Many private clients in Uganda end up paying for two different things: a separate consultant for the drawings, and a separate contractor for the build. The drawings come from one firm; the building comes from another. There are good reasons to do this — and equally good reasons not to. The choice is rarely about price; it is about who carries the risk when something goes wrong.
Drawings-only: when it makes sense
You hire an engineering firm to produce stamped architectural, structural and services drawings + a BOQ. Then you take those drawings to a contractor (who may be a small builder, a family member, or a turn-key firm) for execution.
This is the right path when:
- You already have a contractor you trust, but no engineer.
- You want to put the build out to competitive tender — three contractors pricing the same set of drawings.
- You are building owner-driven, with your own foreman managing day labour.
- You want to control variations and pay direct to a clerk-of-works for supervision.
The risk: the design engineer signs off on the drawings, but is not responsible for what the contractor actually builds. If the contractor substitutes a cheaper steel grade, or pours a weaker concrete, the engineer has no legal obligation to catch it (unless they are separately retained for site supervision).

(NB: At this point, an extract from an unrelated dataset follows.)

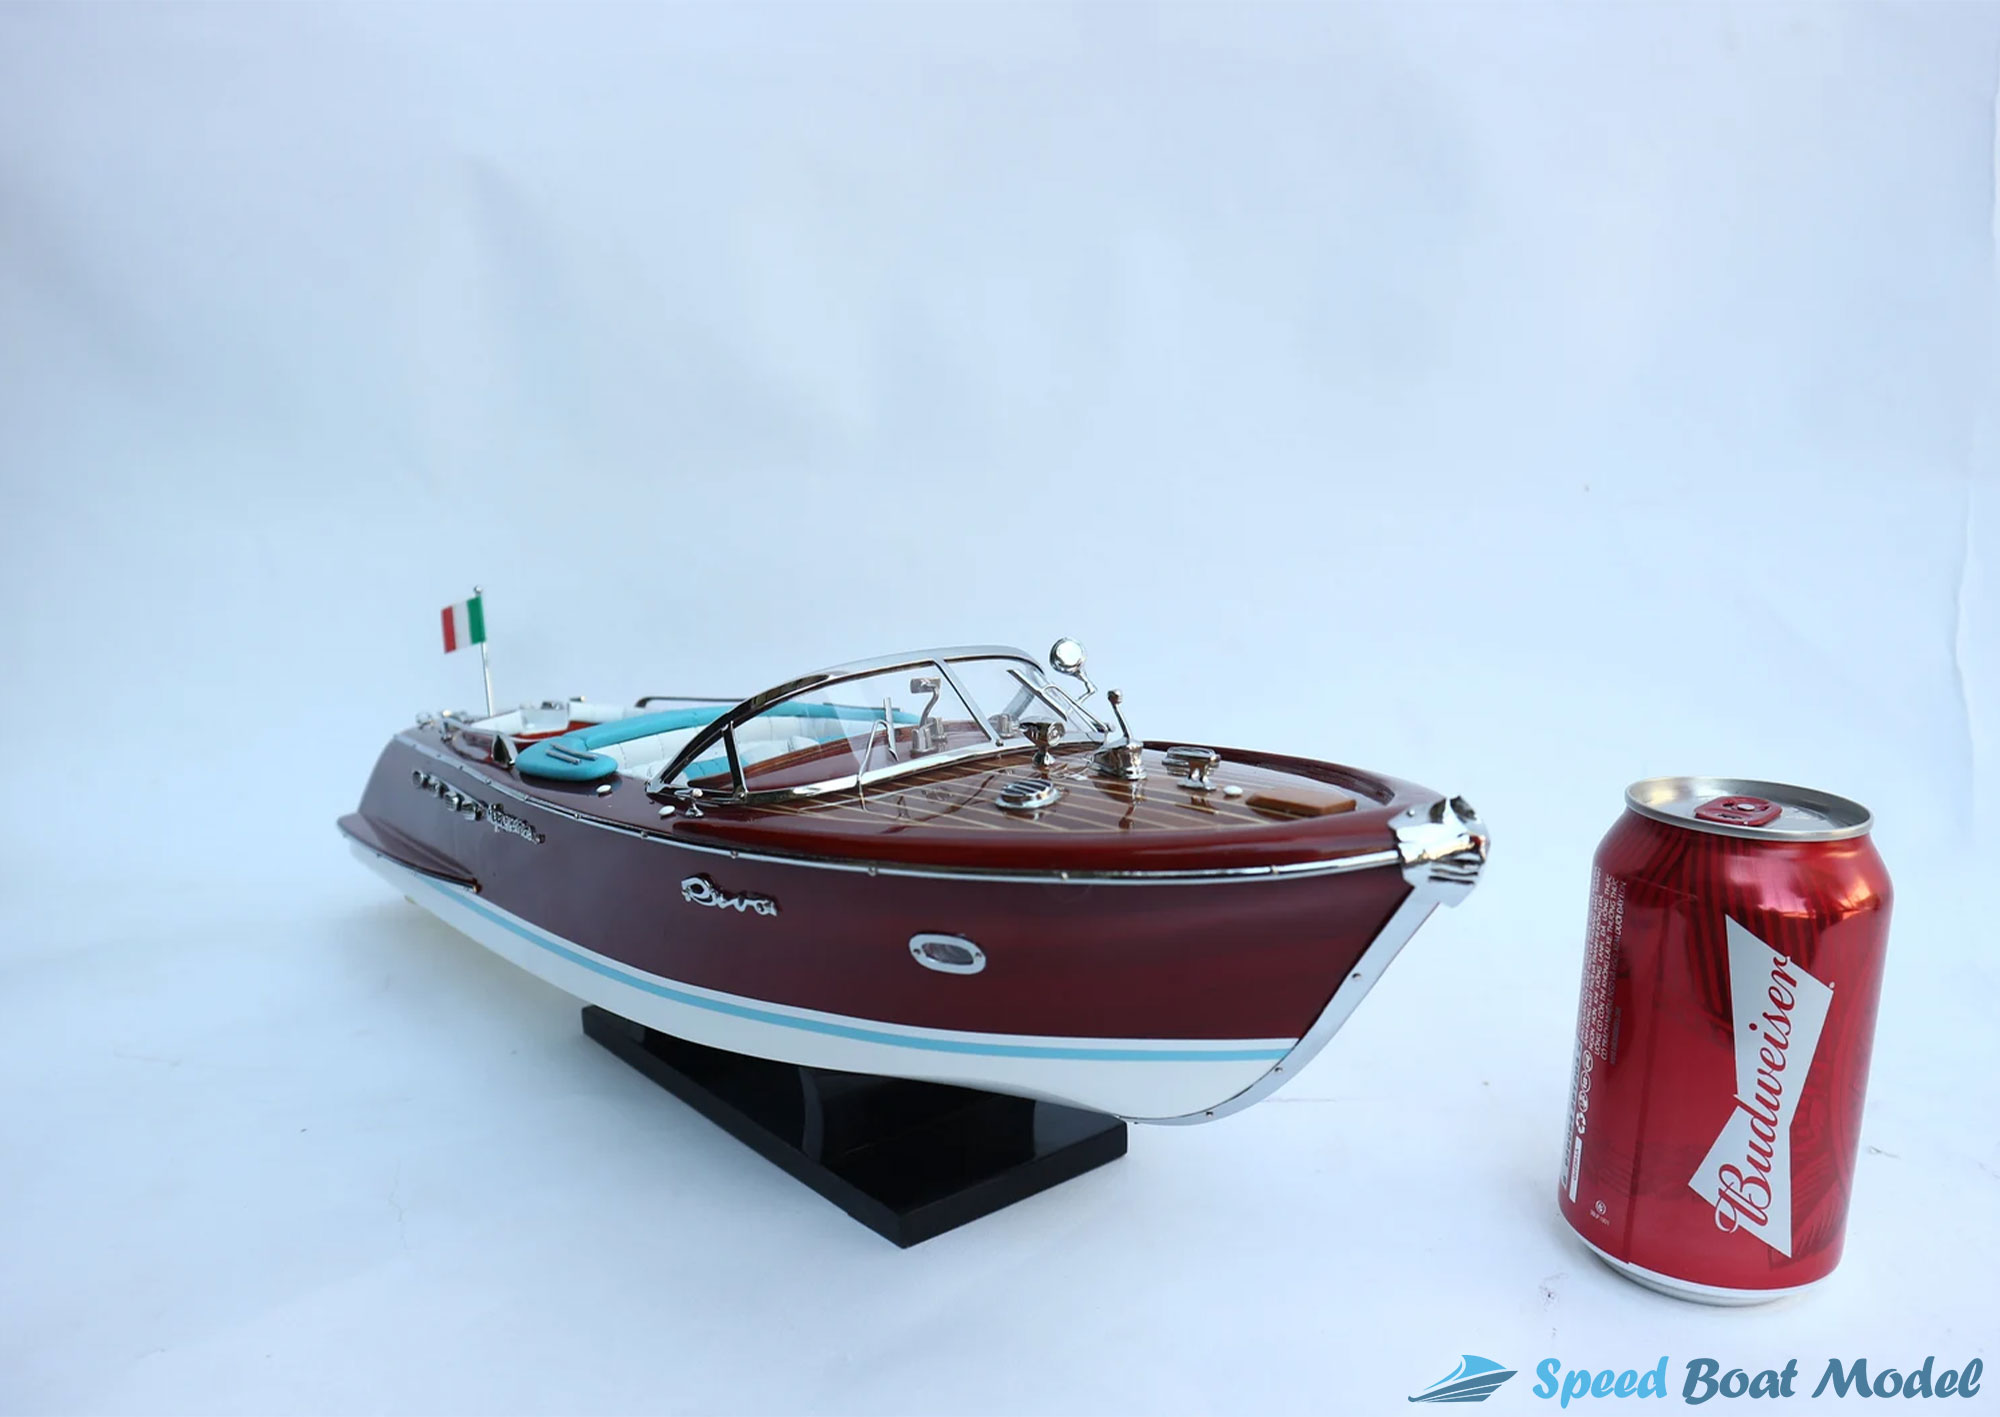 Super Riva Lamborghini Classic Speed Boat Model

Design-build: when it makes sense
You hire one firm to do everything — drawings, BOQ, construction, electromechanical fit-out, handover. The drawings are prepared knowing how the firm will build the work; the construction proceeds against the drawings the firm prepared.
This is the right path when:
- You are a busy client who cannot supervise weekly site meetings.

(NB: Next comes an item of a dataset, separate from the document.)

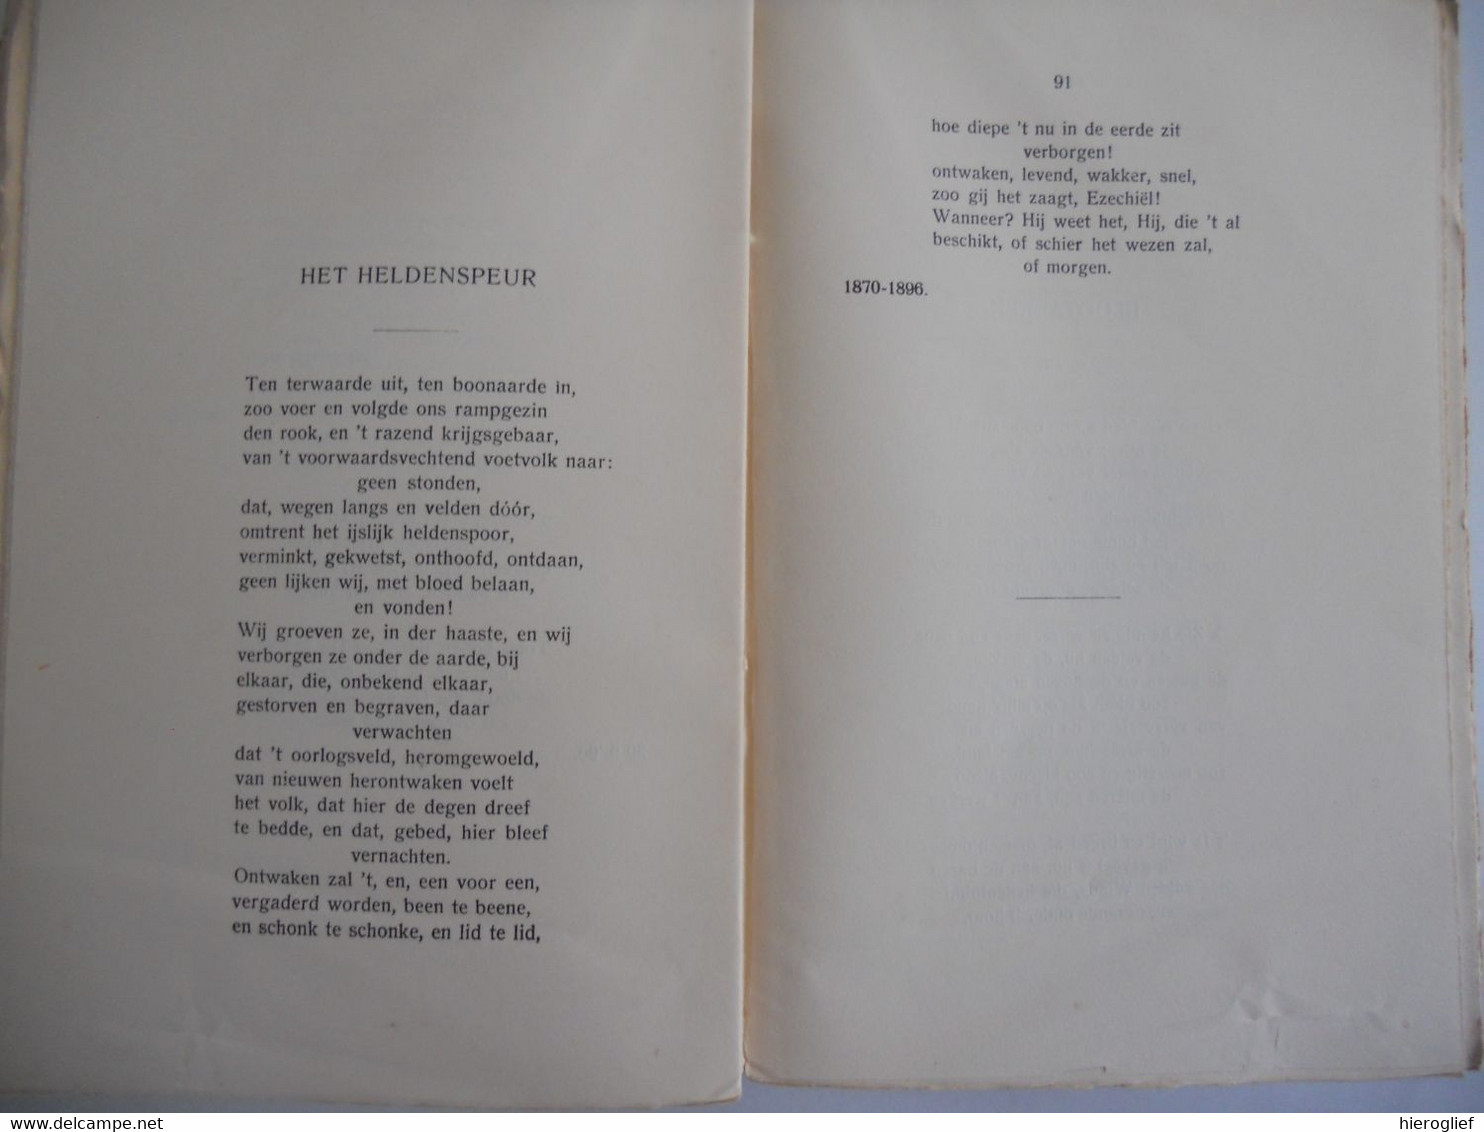 GUIDO GEZELLE 's DICHTWERKEN - RIJMSNOER - 2 delen 1930 brugge roeselare kortrijk

- You want one point of contact for the whole project.
- You want the engineer who signed the drawing to be the engineer on site.
- Speed matters more than tender-price optimisation.
- The building has complex electromechanical services that need to integrate with the structure (most apartment blocks).
The risk: less competitive pricing pressure on individual line items. The same firm prices the BOQ and executes it, so the BOQ tends to reflect the firm's own standard rates rather than a market floor.
A third option: drawings + supervision
A hybrid that often works well: the engineering firm produces the drawings and the BOQ, and is also retained as the clerk-of-works on site once a separate contractor is engaged. The firm visits the site daily, certifies the work against the drawings, signs off interim payment certificates, and prices variations. It splits the design integrity from the construction execution while preserving accountability.
The deciding question
Who do you want signing the certificate of practical completion when the building hands over? If you want the engineering firm that designed the building to also be the firm that signs off the handover, choose design-build. If you want one firm to design and certify, and a separately-contracted firm to build (with the option to fire them if they underperform), choose drawings + supervision. If your project is small enough and your contractor is trusted, drawings-only is fine — provided you have a clerk-of-works visiting the site at least twice a week.